Provided material
★ ★ ★

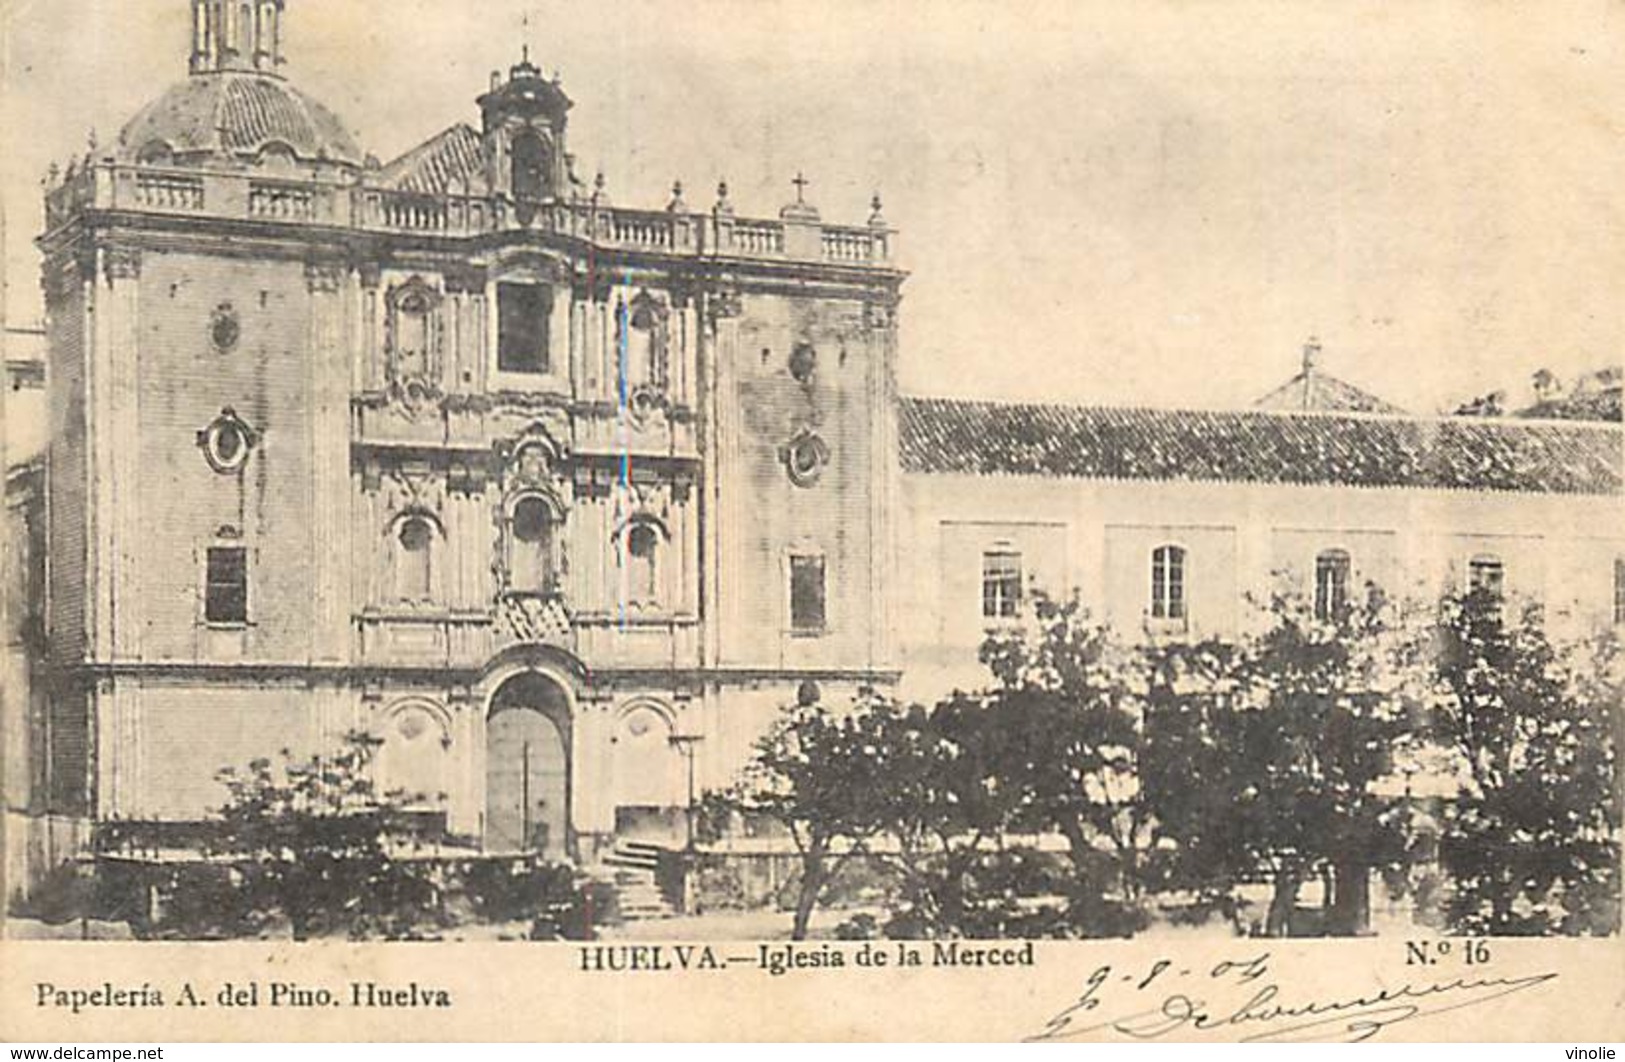 PIE-R-18-1723 : HUELVA. IGLESIA DE LA MERCED - Huelva
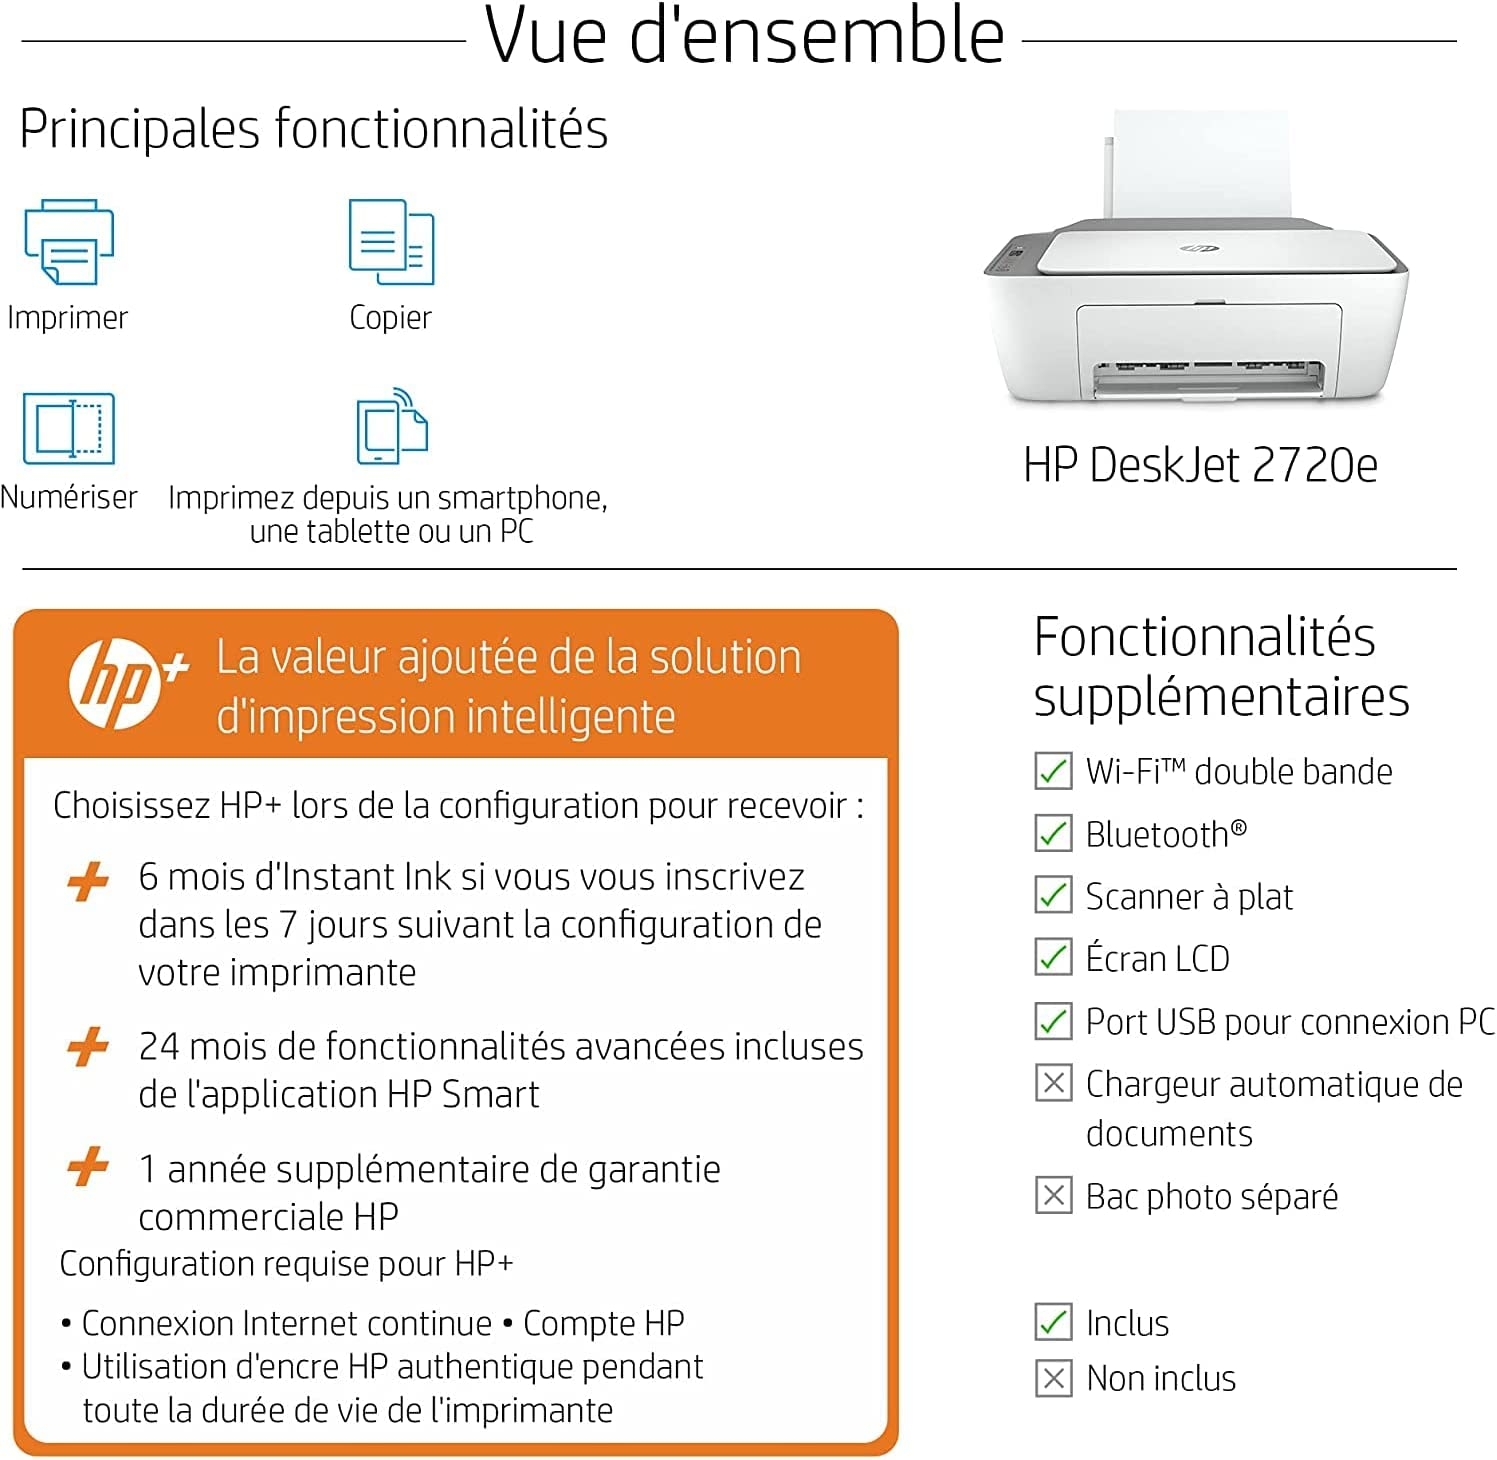 HP N°305 Setup H ou Instant Ink (noire ou couleurs) – France
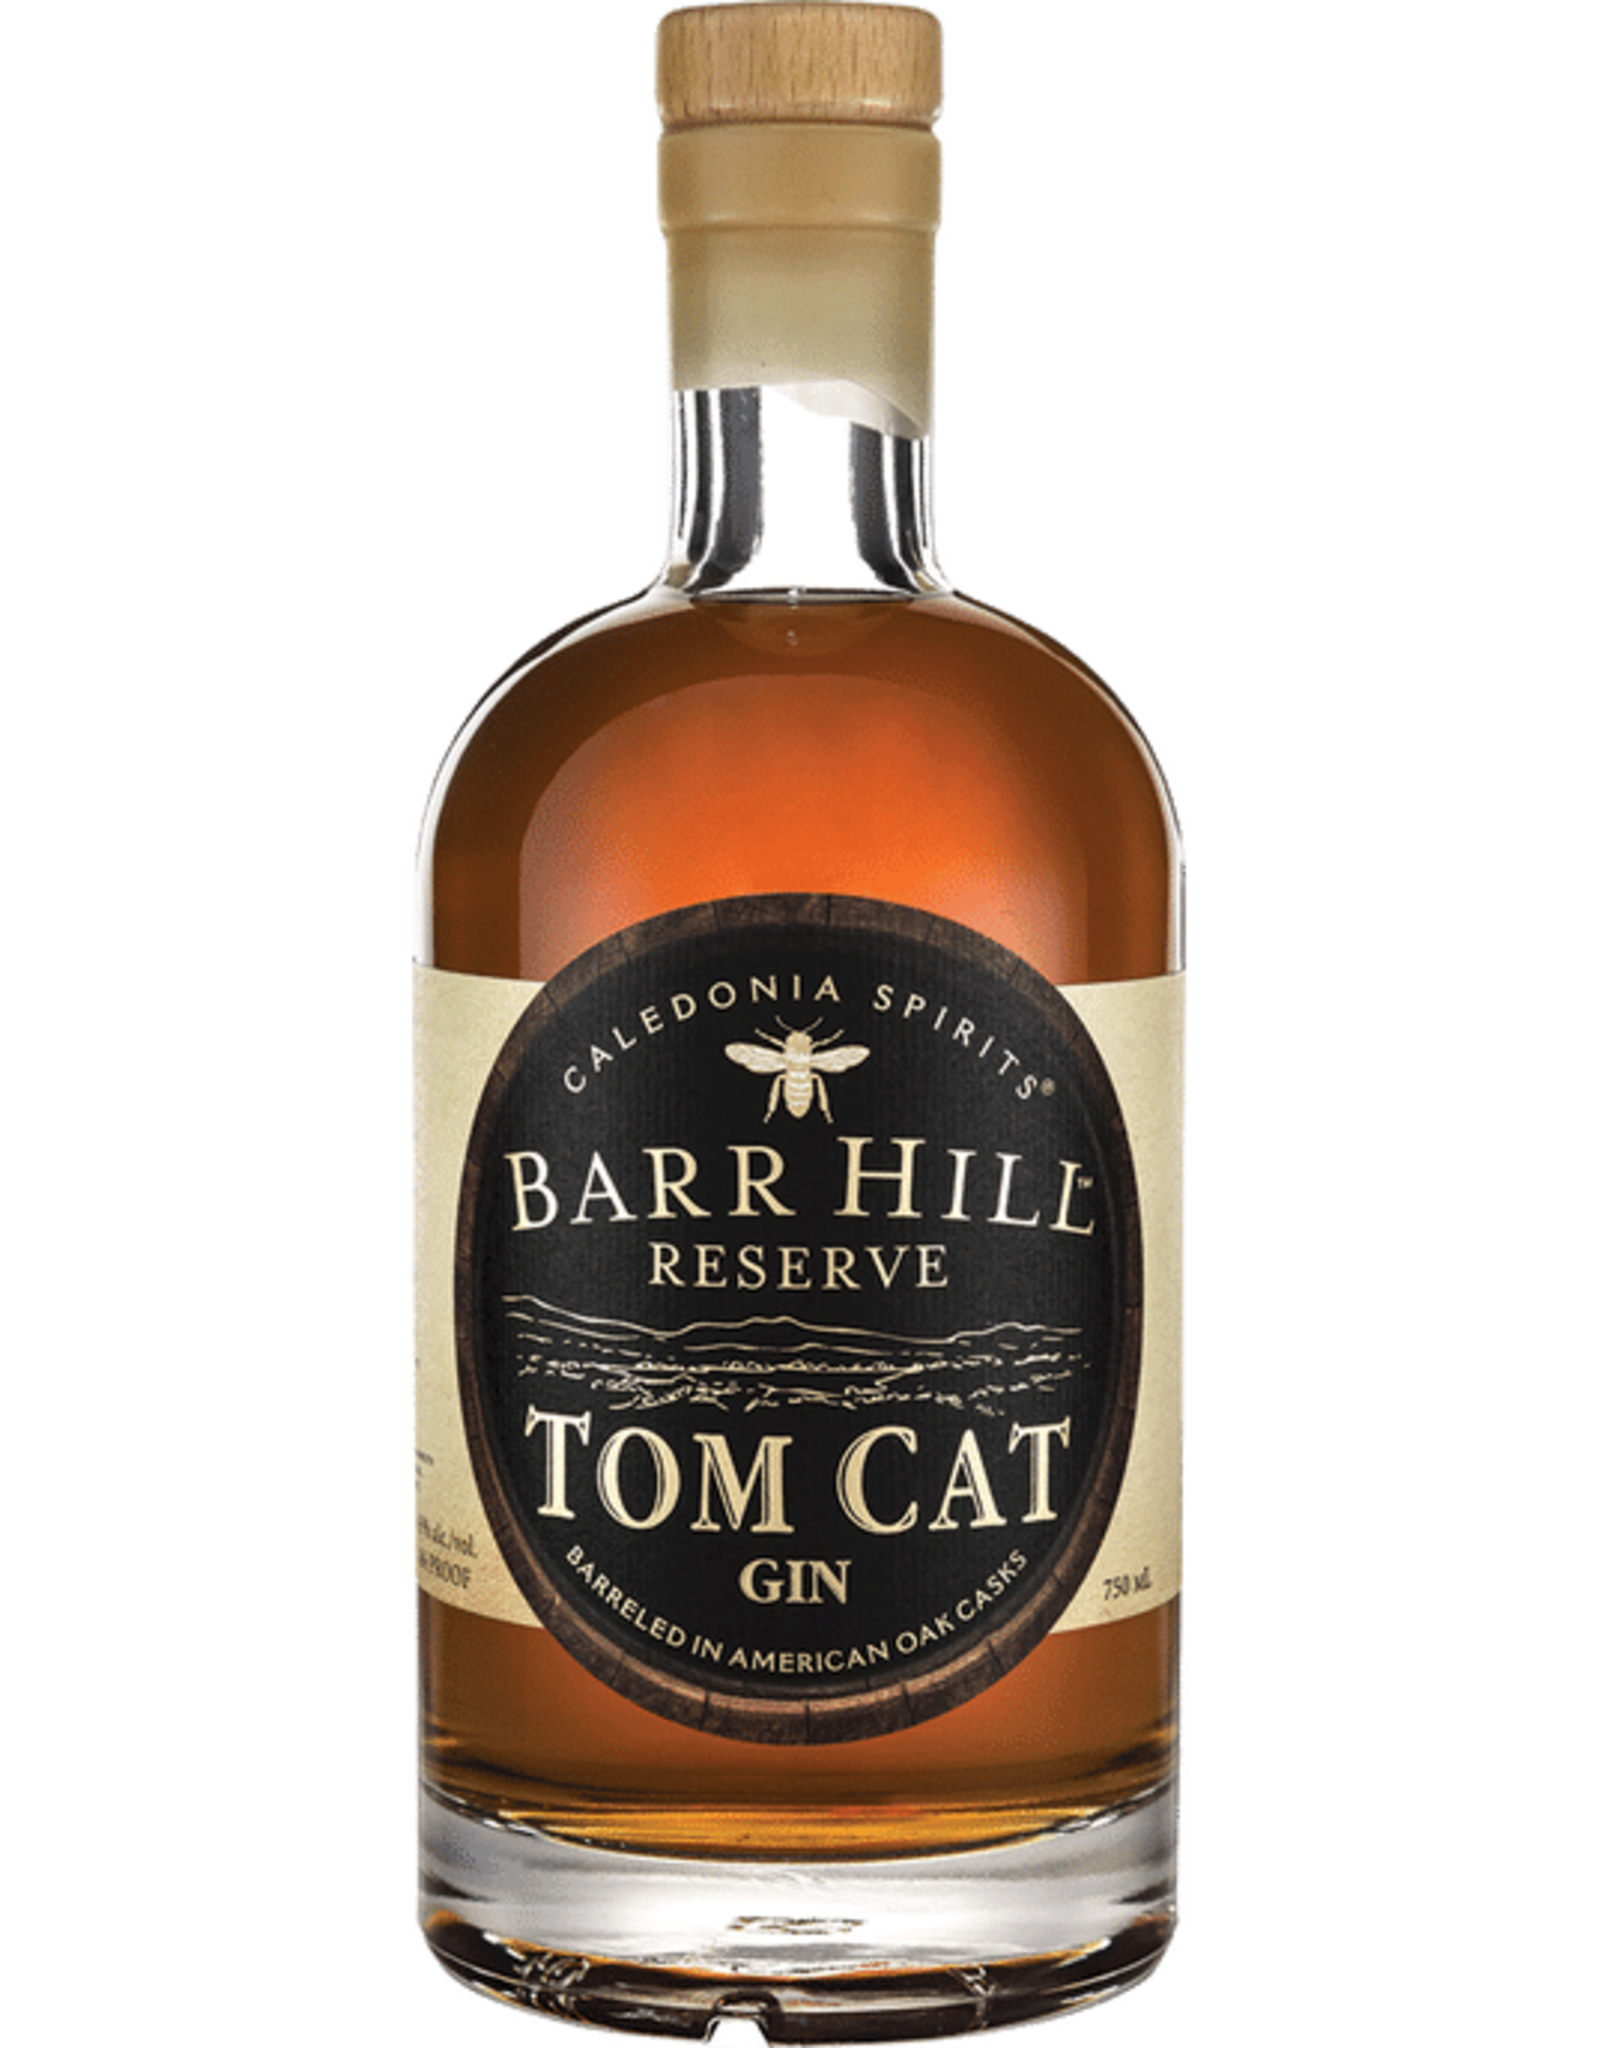 Barr Hill Reserve Gin "Tom Cat"

★ ★ ★

Task goal
Your reply should hold exactly the lines from the line containing "HP N°305 Setup" through the final line of the listing, and none of the pictures.

Your solution
 HP N°305 Setup H ou Instant Ink (noire ou couleurs) – France
 Barr Hill Reserve Gin "Tom Cat"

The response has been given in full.